All across the plain where the cables were anchored, cars lined up to hook onto an elevator strand and begin the climb. As we headed for the boarding station to meet our own, I saw a line of evacuation lifts waiting on a track, kept discreetly in the distance but difficult to hide. It looked for all the world like a small city queueing up to launch into space; evacuation lifts are like skyscrapers wrapped around the cables, mostly composed of dormitories and medical facilities. Somebody evidently took the possibility of a full scale evacuation from Ardëe seriously, even if no announcements had been made, nor even a formal request from their government. I found myself worrying about the group, and what we would do if the evacuation went ahead, but couldn’t find any simple answers as we boarded.
Our car was a luxury model, a ring running round the cable with the outside edge one long window for most of the circumference. Everyone was strapped in for the launch, but once we were up to speed, you could sit at a table and order drinks just as we passed through the upper cloud layers, revealing the curve of the distant horizon. A few hundred people could travel in such a car, but today we found ourselves in a group of fifty or so, all of us on the way to Iokan’s meeting with the Antecessors. This was something of a major event; a new species to be met, diplomatic relations to be opened, and a genocide to be investigated.

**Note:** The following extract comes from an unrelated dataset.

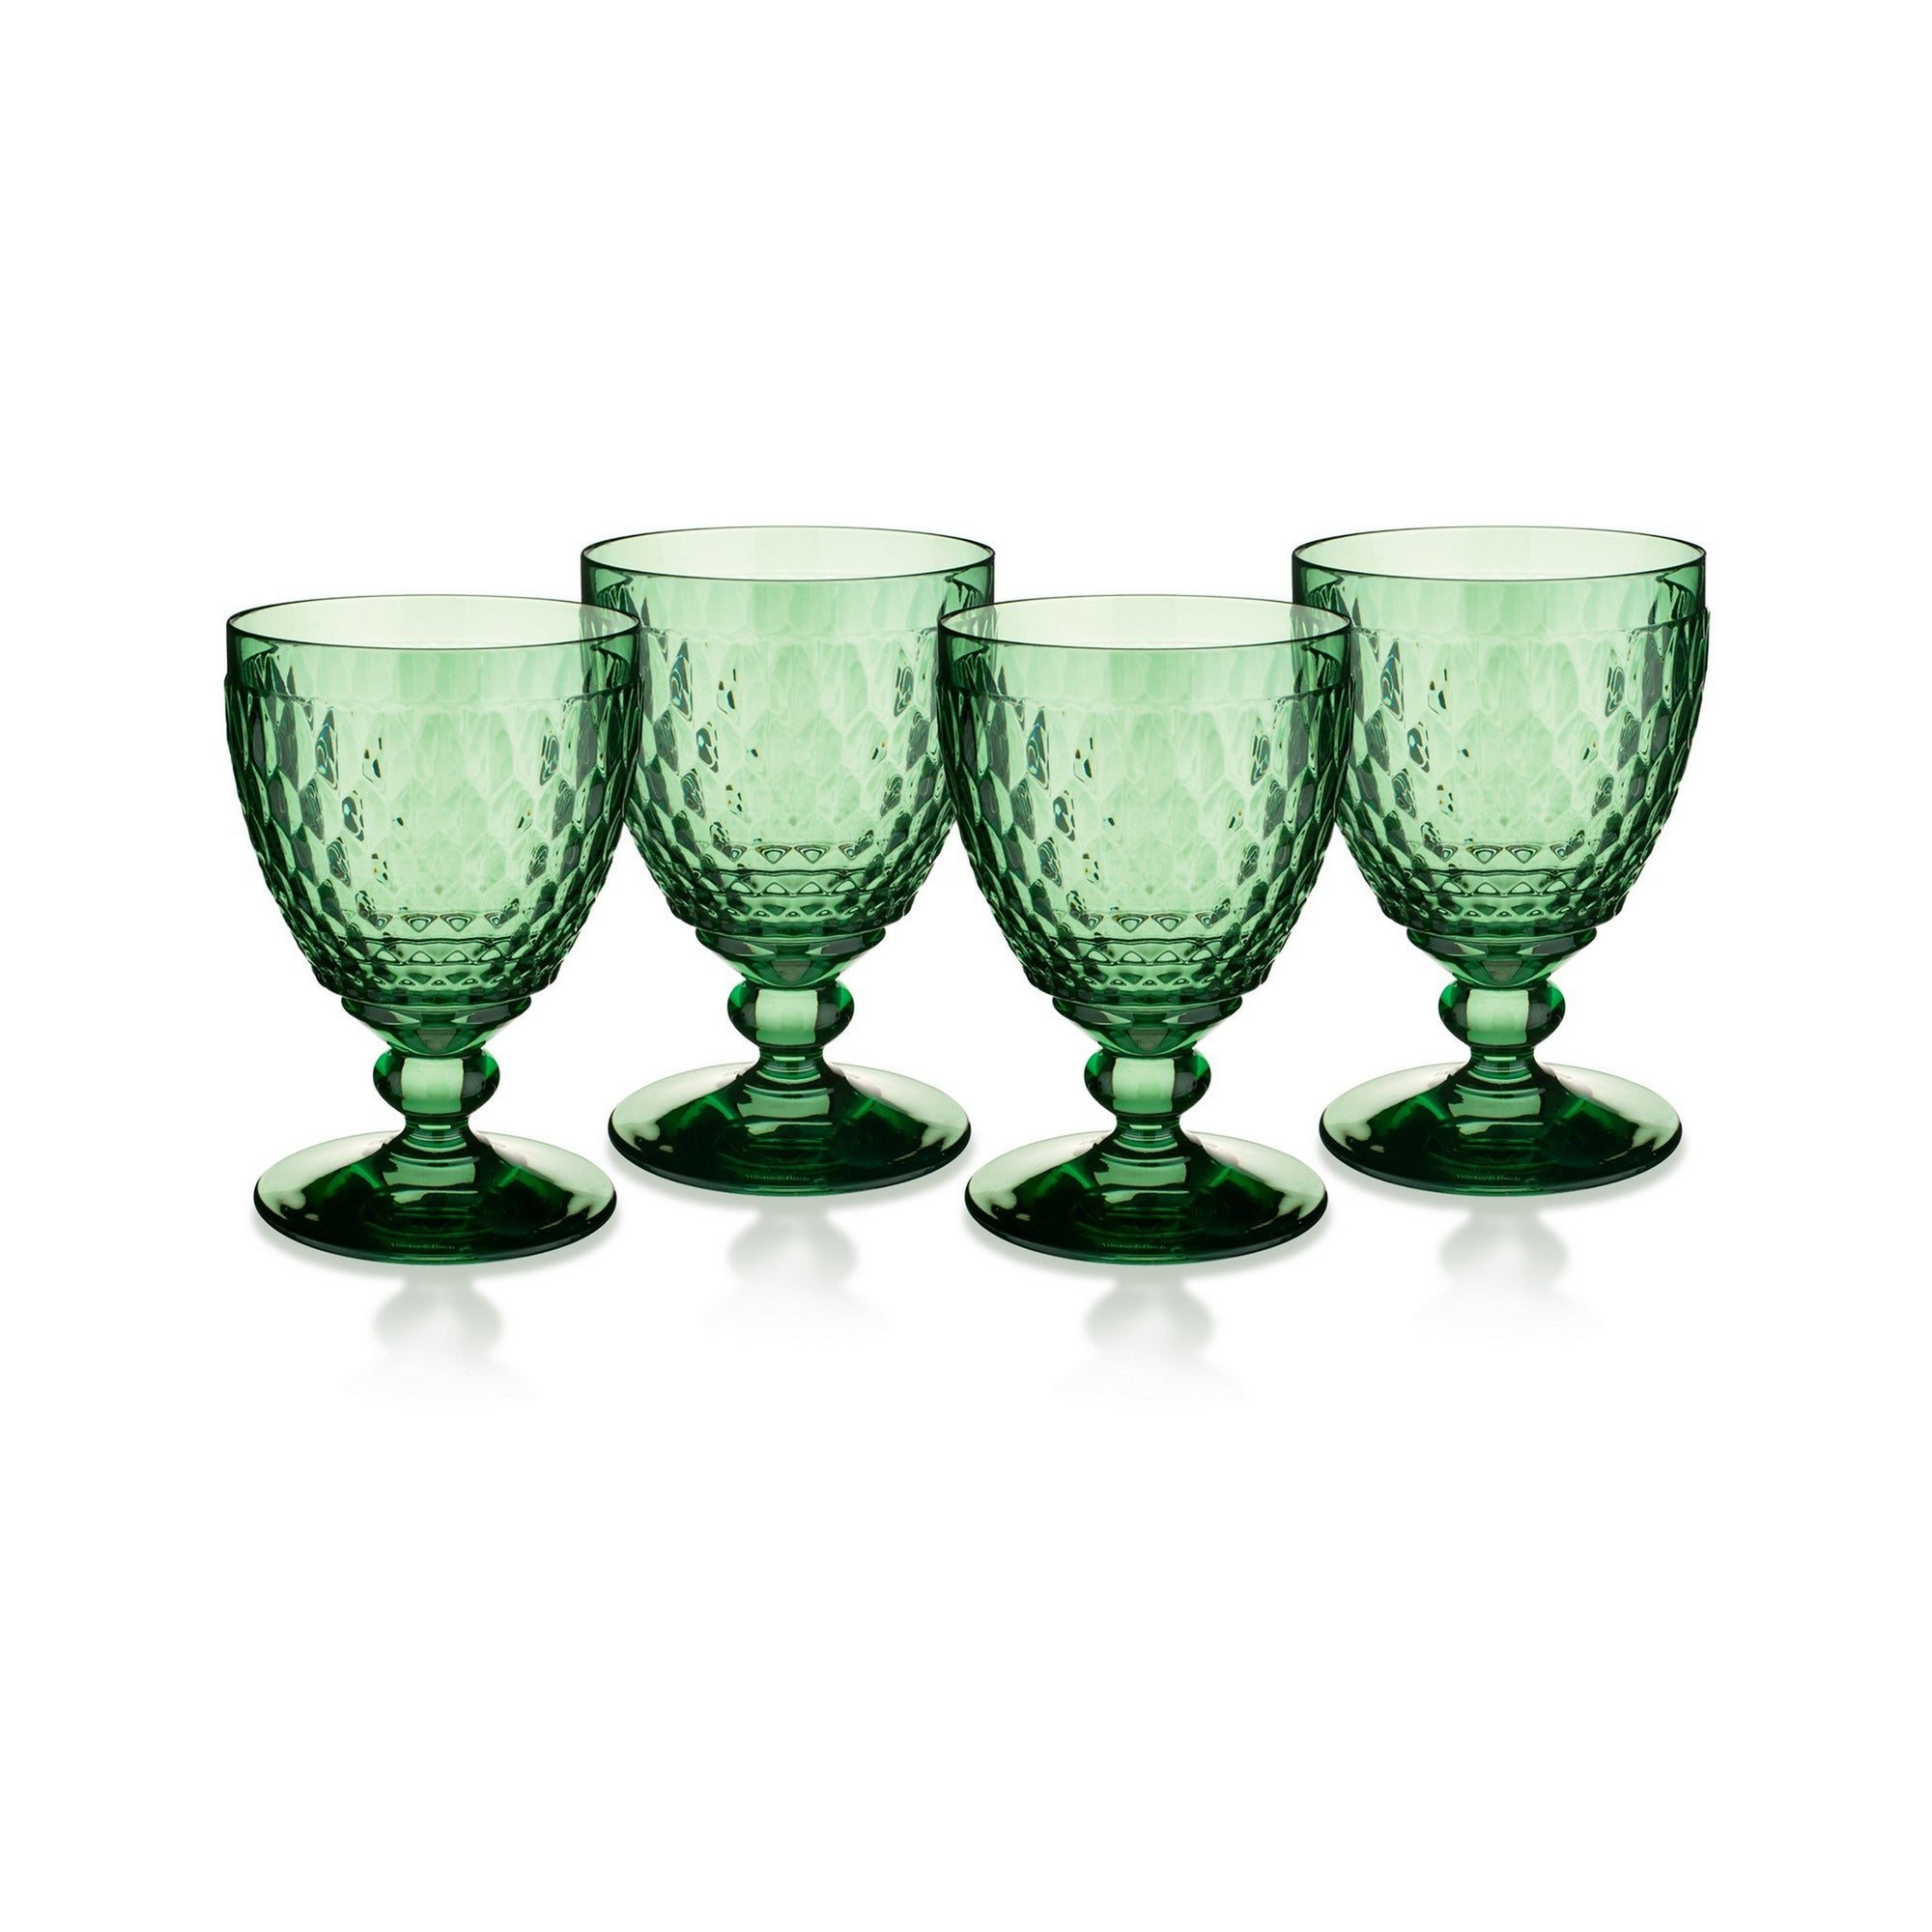 Villeroy & Boch Boston Colored Red,  Wine Glasses, Set of 4,  Green, 11 oz

I tried my best to introduce Iokan to some of those travelling with us, but he didn’t take much interest. People from the Diplomatic and Exploration Services got no more than a pleasant smile and a hello, followed by a complete inattention to their questions. He had no interest in speaking about what he expected to happen, much less in current events across the IU, which a couple of the Refugee Service people tried to engage him with. The situation on Ardëe was a frequent topic, and I swiftly learned it was worse than I thought: the sun in Ardëe’s universe was spitting flares out into space at a hundred times the usual rate, and millions were trying to flee. People were shocked at how swiftly the crisis was developing and some doubted we could manage an evacuation so soon after we had been attacked. But Iokan’s attention drifted away, so I made his excuses and tried to get him to pay attention to the spectacle beyond the window instead. We leant on the balustrade that kept us from direct contact with the great glass barrier: outside, clouds sank far below and the curve of the Earth was shadowed with the coming night.